TASK DESCRIPTION: Please reproduce exactly the lines from the start of the records through the one containing "Sham-Rock Your Beauty Goals With BeautyFix", and nothing more.

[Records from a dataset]
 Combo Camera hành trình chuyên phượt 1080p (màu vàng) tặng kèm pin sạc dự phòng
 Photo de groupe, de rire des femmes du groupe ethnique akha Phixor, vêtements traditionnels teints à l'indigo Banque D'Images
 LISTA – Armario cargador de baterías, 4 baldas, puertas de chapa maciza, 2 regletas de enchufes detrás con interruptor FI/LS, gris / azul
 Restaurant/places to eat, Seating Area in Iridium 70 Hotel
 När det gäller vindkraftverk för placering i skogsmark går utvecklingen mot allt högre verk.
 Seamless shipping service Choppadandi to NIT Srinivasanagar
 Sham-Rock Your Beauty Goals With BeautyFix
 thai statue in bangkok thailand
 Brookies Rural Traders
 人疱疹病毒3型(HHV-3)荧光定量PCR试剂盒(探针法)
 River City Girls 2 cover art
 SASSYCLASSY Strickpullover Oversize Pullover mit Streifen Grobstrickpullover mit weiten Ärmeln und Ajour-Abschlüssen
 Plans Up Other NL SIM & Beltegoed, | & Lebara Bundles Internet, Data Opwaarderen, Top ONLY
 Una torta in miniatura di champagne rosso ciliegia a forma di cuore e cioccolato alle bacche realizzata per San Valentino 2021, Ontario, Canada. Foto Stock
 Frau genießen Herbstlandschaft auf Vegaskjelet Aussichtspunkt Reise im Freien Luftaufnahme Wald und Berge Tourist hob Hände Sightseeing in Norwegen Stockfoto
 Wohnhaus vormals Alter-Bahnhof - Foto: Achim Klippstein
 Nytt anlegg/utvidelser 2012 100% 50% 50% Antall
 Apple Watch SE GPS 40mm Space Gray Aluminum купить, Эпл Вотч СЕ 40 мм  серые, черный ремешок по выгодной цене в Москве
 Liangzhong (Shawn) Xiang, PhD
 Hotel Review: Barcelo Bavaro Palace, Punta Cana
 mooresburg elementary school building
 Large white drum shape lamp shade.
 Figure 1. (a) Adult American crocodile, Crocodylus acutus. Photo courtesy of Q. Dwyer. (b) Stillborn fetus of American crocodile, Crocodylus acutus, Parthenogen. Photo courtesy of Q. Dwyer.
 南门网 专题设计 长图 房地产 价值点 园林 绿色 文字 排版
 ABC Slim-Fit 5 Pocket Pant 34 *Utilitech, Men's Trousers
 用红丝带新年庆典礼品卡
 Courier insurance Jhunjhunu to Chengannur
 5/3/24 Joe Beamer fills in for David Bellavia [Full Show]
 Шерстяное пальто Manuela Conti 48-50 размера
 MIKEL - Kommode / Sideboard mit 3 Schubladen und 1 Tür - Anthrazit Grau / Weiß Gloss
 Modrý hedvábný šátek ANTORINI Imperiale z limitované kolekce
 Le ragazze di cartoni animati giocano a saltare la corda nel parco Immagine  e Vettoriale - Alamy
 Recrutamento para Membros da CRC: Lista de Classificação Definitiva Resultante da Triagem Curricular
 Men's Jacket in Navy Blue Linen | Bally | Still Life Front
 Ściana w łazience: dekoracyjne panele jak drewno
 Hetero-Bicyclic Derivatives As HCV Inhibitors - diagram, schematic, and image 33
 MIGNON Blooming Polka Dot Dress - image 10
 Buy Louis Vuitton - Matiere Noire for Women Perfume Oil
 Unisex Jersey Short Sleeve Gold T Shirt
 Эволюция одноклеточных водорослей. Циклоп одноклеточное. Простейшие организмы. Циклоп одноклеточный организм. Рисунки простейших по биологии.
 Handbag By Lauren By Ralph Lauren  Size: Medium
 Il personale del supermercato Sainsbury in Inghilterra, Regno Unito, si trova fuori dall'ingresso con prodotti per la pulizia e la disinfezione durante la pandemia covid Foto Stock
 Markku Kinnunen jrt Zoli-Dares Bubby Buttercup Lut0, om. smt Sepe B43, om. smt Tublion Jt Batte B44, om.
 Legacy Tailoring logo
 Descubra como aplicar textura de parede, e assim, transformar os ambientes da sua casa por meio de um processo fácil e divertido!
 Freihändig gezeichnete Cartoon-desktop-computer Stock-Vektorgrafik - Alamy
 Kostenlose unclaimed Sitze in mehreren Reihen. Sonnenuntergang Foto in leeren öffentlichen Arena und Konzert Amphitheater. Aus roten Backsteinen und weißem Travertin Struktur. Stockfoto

TASK RESULT:
 Combo Camera hành trình chuyên phượt 1080p (màu vàng) tặng kèm pin sạc dự phòng
 Photo de groupe, de rire des femmes du groupe ethnique akha Phixor, vêtements traditionnels teints à l'indigo Banque D'Images
 LISTA – Armario cargador de baterías, 4 baldas, puertas de chapa maciza, 2 regletas de enchufes detrás con interruptor FI/LS, gris / azul
 Restaurant/places to eat, Seating Area in Iridium 70 Hotel
 När det gäller vindkraftverk för placering i skogsmark går utvecklingen mot allt högre verk.
 Seamless shipping service Choppadandi to NIT Srinivasanagar
 Sham-Rock Your Beauty Goals With BeautyFix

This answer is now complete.